◆ **Task details**: Only the pictures are to be left out; return the rest of the data exactly as it stands.

◆ **Data shown**:
+===+

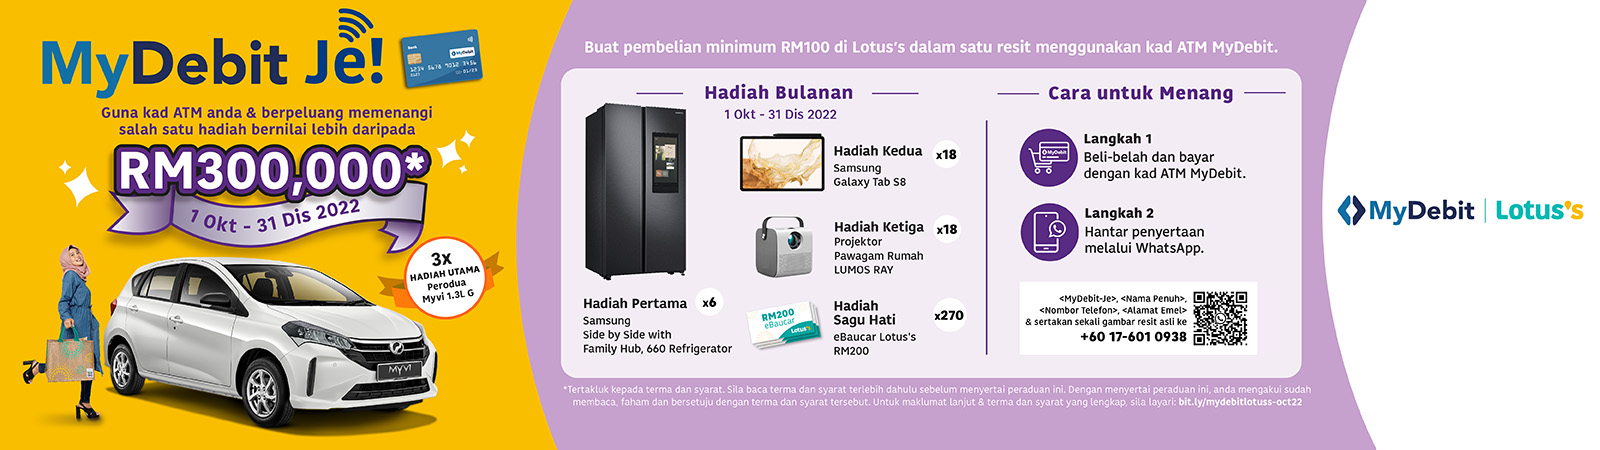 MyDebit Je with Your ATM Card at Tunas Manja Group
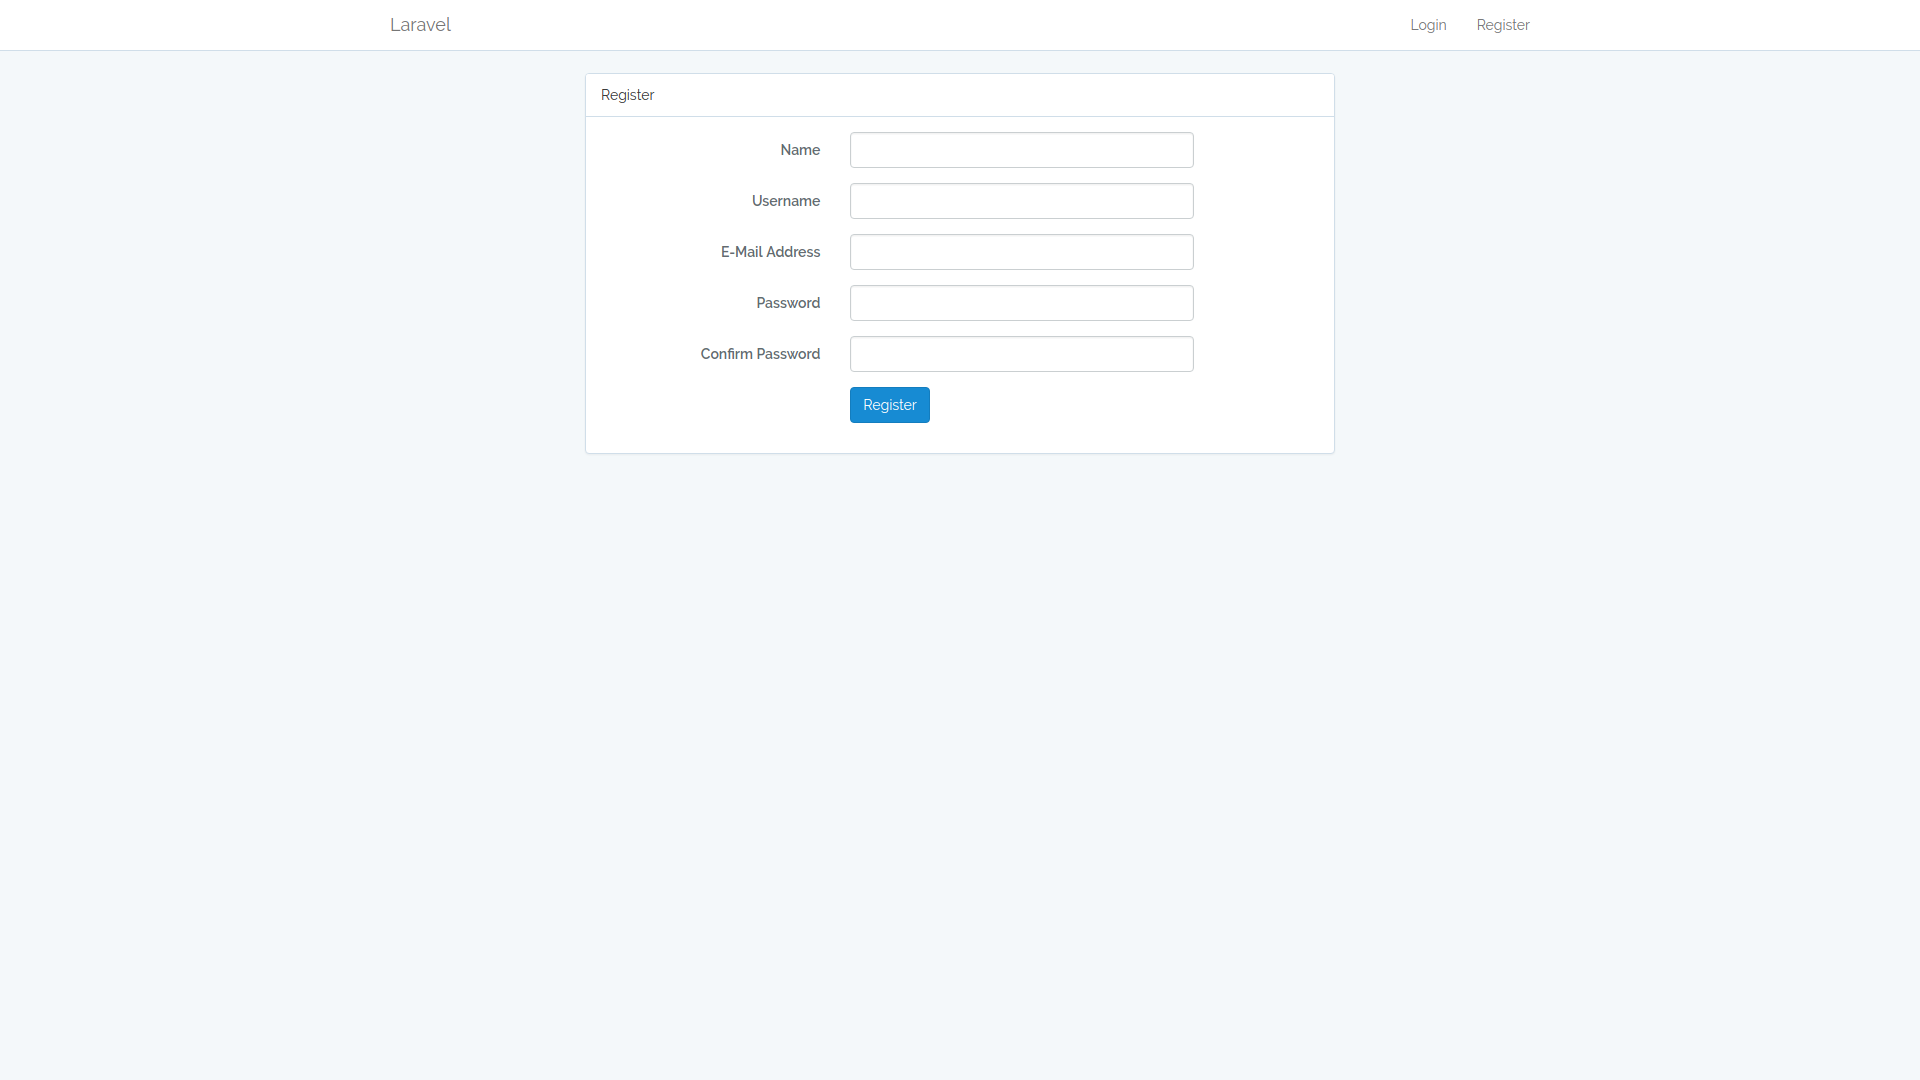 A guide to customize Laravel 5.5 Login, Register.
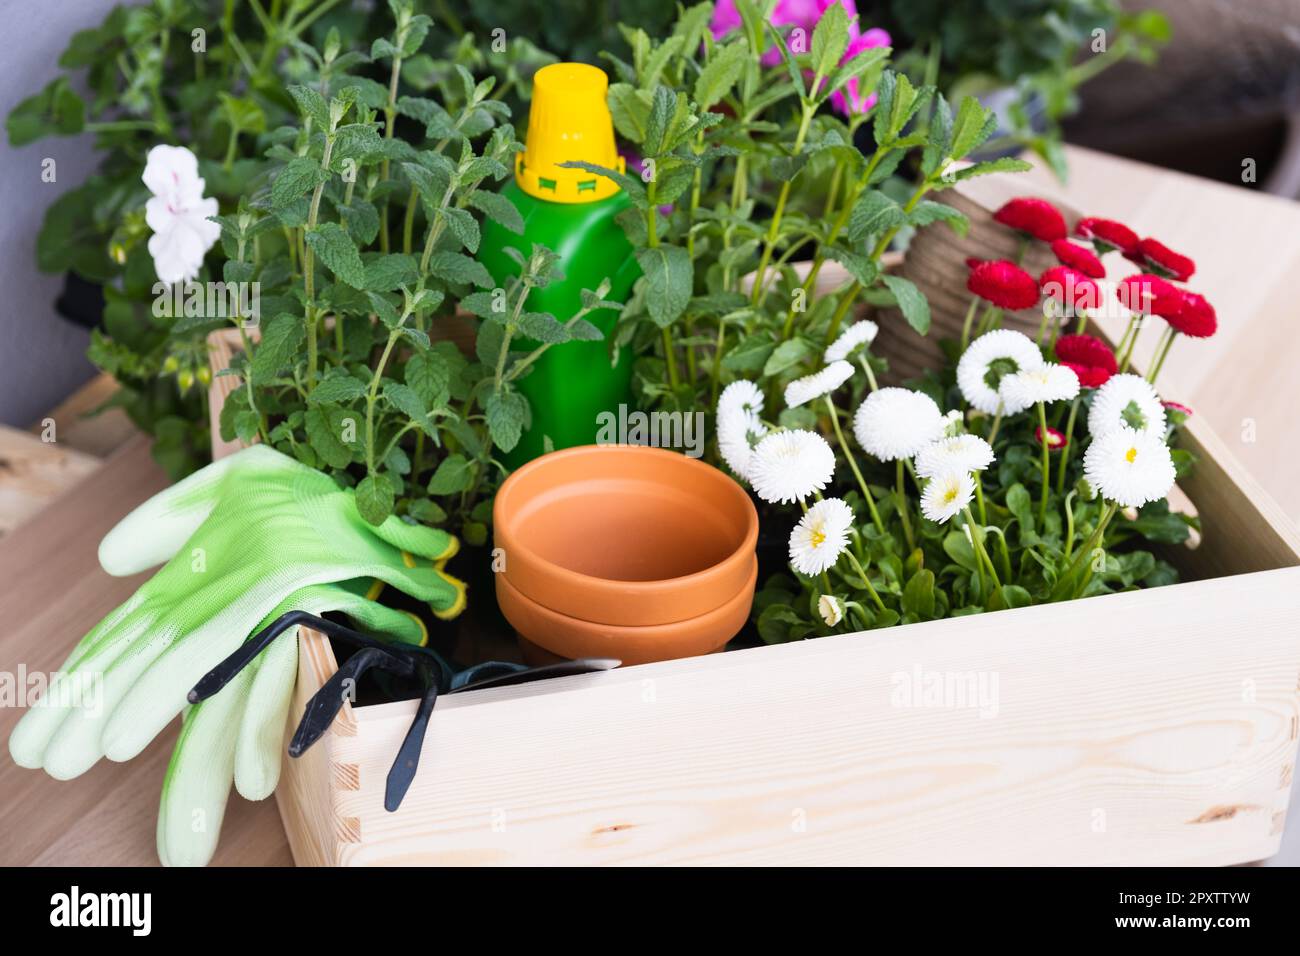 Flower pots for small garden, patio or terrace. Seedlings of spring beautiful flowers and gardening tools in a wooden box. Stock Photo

+===+

◆ **Answer space**:
 MyDebit Je with Your ATM Card at Tunas Manja Group
 A guide to customize Laravel 5.5 Login, Register.
 Flower pots for small garden, patio or terrace. Seedlings of spring beautiful flowers and gardening tools in a wooden box. Stock Photo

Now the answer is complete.